Analysts note that a fall-out of this intense competition is that virtualization products are getting commoditized. Innovation and enhanced services will be the key differentiators. An example of that is Microsoft’s recent launch of its new product offering Hyper-V (beta version), a virtualization system for x64 systems (superset of x86 systems, an architectural platform for virtualization). Hyper- V allows multiple operating systems such as: Windows, Linux and others, to run on a single server, it creates dynamic, scalable and integrated platform for better management of both virtual and physical resources. Inorganic growth strategies and consolidation trends continue to exist in the virtualization market—HP’s acquisition of Opsware and Citrix’s takeover of Xen are a couple of examples. With consolidation that leads to the pooling of different firms’ competencies, along with innovation and developments by each player, the virtualization market is set to reach dizzying heights. Owing to increased adoption by companies, irrespective of their size across geographies, the global virtualization market looks far from maturing, at least from the demand side.

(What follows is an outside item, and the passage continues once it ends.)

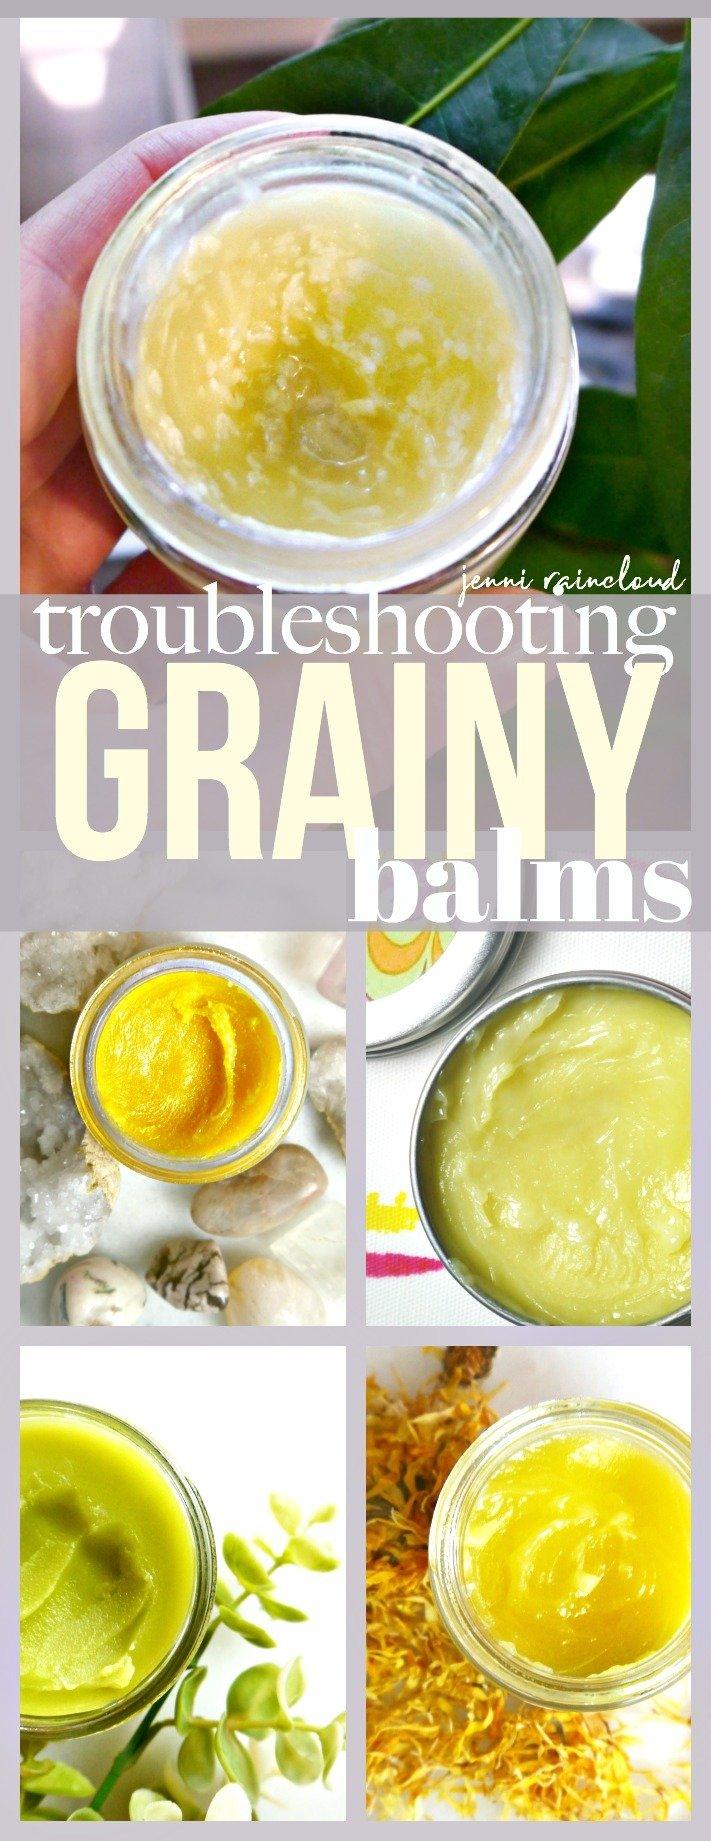 Troubleshooting Grainy Balms

Virtualization refers to creating an environment where one computer/system does the work of multiple systems by resources with the help of software. A single virtual system aids multiple applications and operating systems with the help of a virtual environment. Virtualization reduces hardware requirements, thus saving on fixed as well as operating costs. Reduced floor space and cooling costs, better data management, better disaster recovery, and remote access are major advantages that make a strong business case for virtualization.
Virtualization has evolved over the years and today supports myriad applications for a number of functions, from desktop and server, to storage, networks, and infrastructure.
Demand for virtualization is growing steadily and virtualization is witnessing increased adoption by companies across sectors. Growing demand is fuelling competition. VMware, Microsoft, Citrix, Parallels, and Virtual Iron, among others, are fighting the battle to win market share. Because of long-term benefits, even small firms are willing to undergo this process of re-engineering, even though there are a few issues that are restricting the full-scale adoption of virtualization. These include poor management of costs, human issues, vendor support, management complexity, security problems, and licensing issues. Despite these hurdles, virtualization has a fighting chance, provided systems, tools, and best practices are in place.
Our partners at Analysts Perspectives present analyst views and opinions on virtualization, its pros and cons, market trends, and predictions about its future prospects.
Some key findings include the fact that the virtualization software and services market in Asia-Pacific will grow at an estimated compound annual growth rate (CAGR) of 42 percent to reach USD 1.35 billion by 2010; through 2010, server virtualization will have the single largest impact on budgets for IT hardware and support; through 2010, four vendors – Cisco, Citrix, Microsoft, and VMware will dominate server, desktop, and network virtualization, accounting for over 70 percent of all new virtualization deployments.